I’ve seen Wordperfect for DOS users working - no wysiwyg - they’d mark somehing as bold - and it might brighten a bit - but not italics… no preview of the font output…
You didn’t see the formatting and fonts of what you were typing till you printed it… I can remember some DOS programs even let you select a font at the print menu…
My first teaching post at a 16 plus college was offering courses in lotus 123 to accountants. That was version 1.1 for dos. I then qualified through lotus UK to become a lotus certified technician and our college became a business partner. Moved on to teach at uni same students just to degree level. So went through version 2 and on to version 3 with the WYSIWYG add on to make it look better.
I applied for a job at a hospital and they wanted a demo of my 123 skills plus wordperfect. After 30 mins on 123 covering relative and absolute addressing they just asked if I had the same knowledge on wordperfect I of course replied YES, but to be honest I had never seen it or used it. They gave me the job so I had to learn quick.
About 2 months into the new post we swapped to windows and excel word etc which was much easier. But I was still the point of reference on any spreadsheet calculations or use.
I’ll concur - 123 on MS-DOS, along with Wordstar, and DBase III - were the killer apps that made the x86 platform so successful - and thus Microsoft reign supreme… not only but also brilliant TSRs like Borland’s SideKick (TSR was a “terminate and stay resident” thing that hook into task switching on a single context 8/16 bit platform)…
Even so Lotus 123 was just a clone of VisiCalc… Shame on you Mitch Kapur…
And Lotus tried to make money off their CC-Mail and Lotus:Notes platforms (and almost neglected 123 - their former cash cow)… What utter rubbish they were… I still have customers that have bend over backwards to leverage hideous legacy shyte like Lotus Notes…
Notes was just horrible… I had to work for a company that was a big IBM shop and they forced us to use shonky apps written in Lotus Notes API - they were truly awful… The worst one was the weekly timesheet system… Stuff of nightmares from a use-abilty perspective…
And some 15ish years ago I was working for an “energy” utility - their “SOE” was Windows XP - but it was hamstrung by Novell Netware NDS (with ghastly hooks into LDAP) and Lotus Notes - seriously - I timed it with a stopwatch one morning - it was OVER 15 minutes to go from login to Novell NDS and have the Lotus Notes app show my inbox?
Email? Don’t make me laugh!
I could deliver information faster 10 years before when I was a motorcycle courier!
Much as I kinda hate Microsoft - Active Directory craps all over LDAP and Novell NDS…
At one stage I thought lotus were going to offer me a job at the Windsor location as I had written a program to push 123 from single user to multi user on a network. Then after they brought out notes and were bought by IBM I was glad the offer did not come.

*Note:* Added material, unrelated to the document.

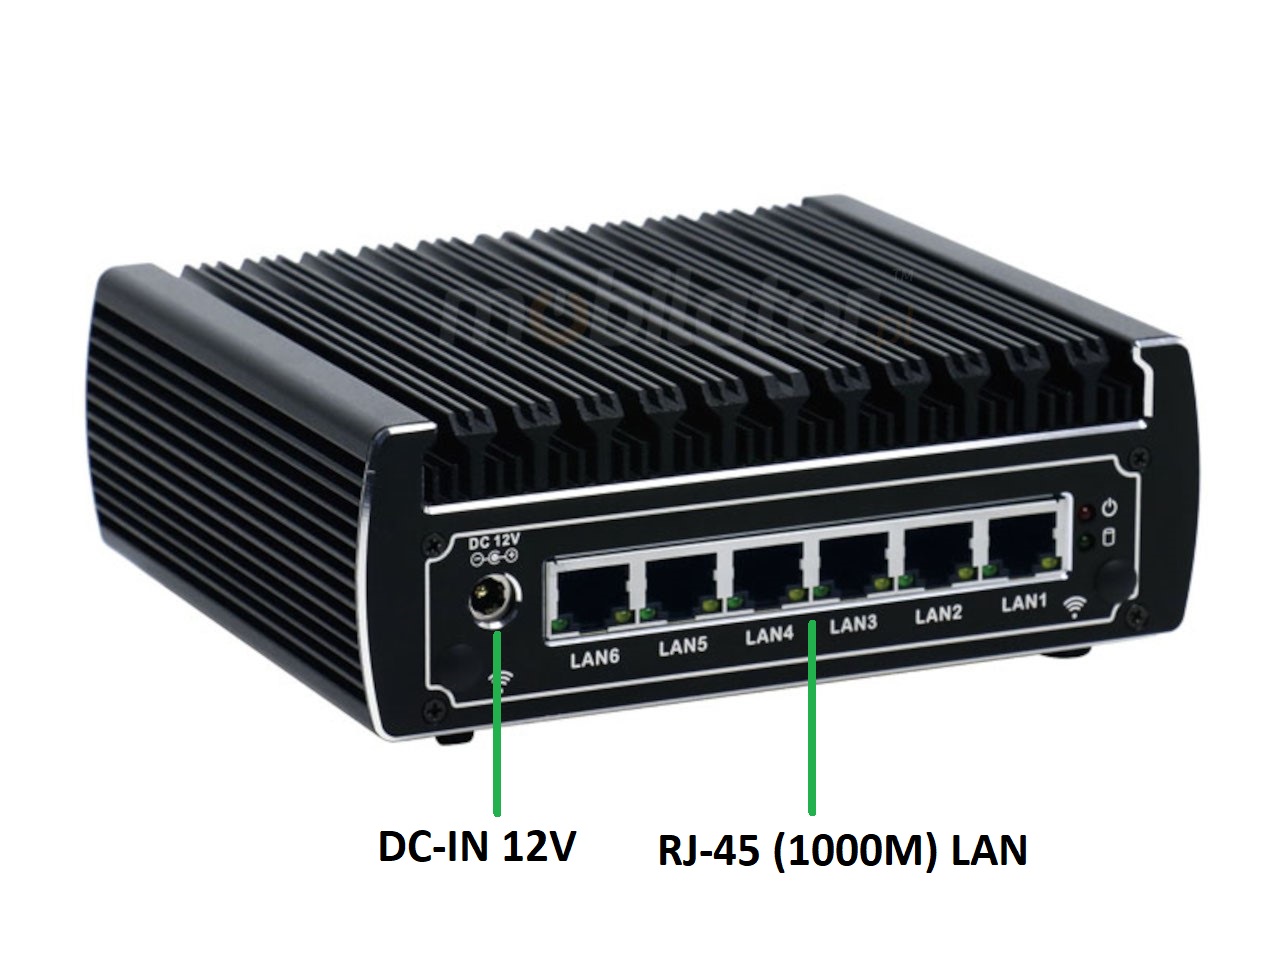   IBOX N133  v.14, zcza ty HDD DDR4 WIFI BLUETOOTH, przemysowy, may, szybki, niezawodny, fanless, industrial, small, LAN, INTEL i3

Forgot all about Borland sidekick that was such a revolution at the time
@daniel.m.tripp , @callpaul.eu
Whike you guys were grappling with all this DOS rubbish, I was quietly migrating from CP/M to BSD Unix.
I missed most of the wordprocessor and spreadsheet revolution and landed with Tex and R in FreeBSD. I never tried Win until I got a laptop with XP. It was rapidly made to multiboot Debian.
I believe I am better off for having missed all those supposed gui benefits.
Yes there are some, pictures tell a thousand words.
Whilst you took the easy road some of us moved through DOS to CCPM then to windows 2, windows 3, GEM, 95, 98, NT … but apple made it so much better. Whilst working for them I had to run courses on system 5 then 6 which were planned to run all day, but really only took 1 hour max. The 2 day advanced system 7.5 including networking and installation again took a lot to spin out to fill the time.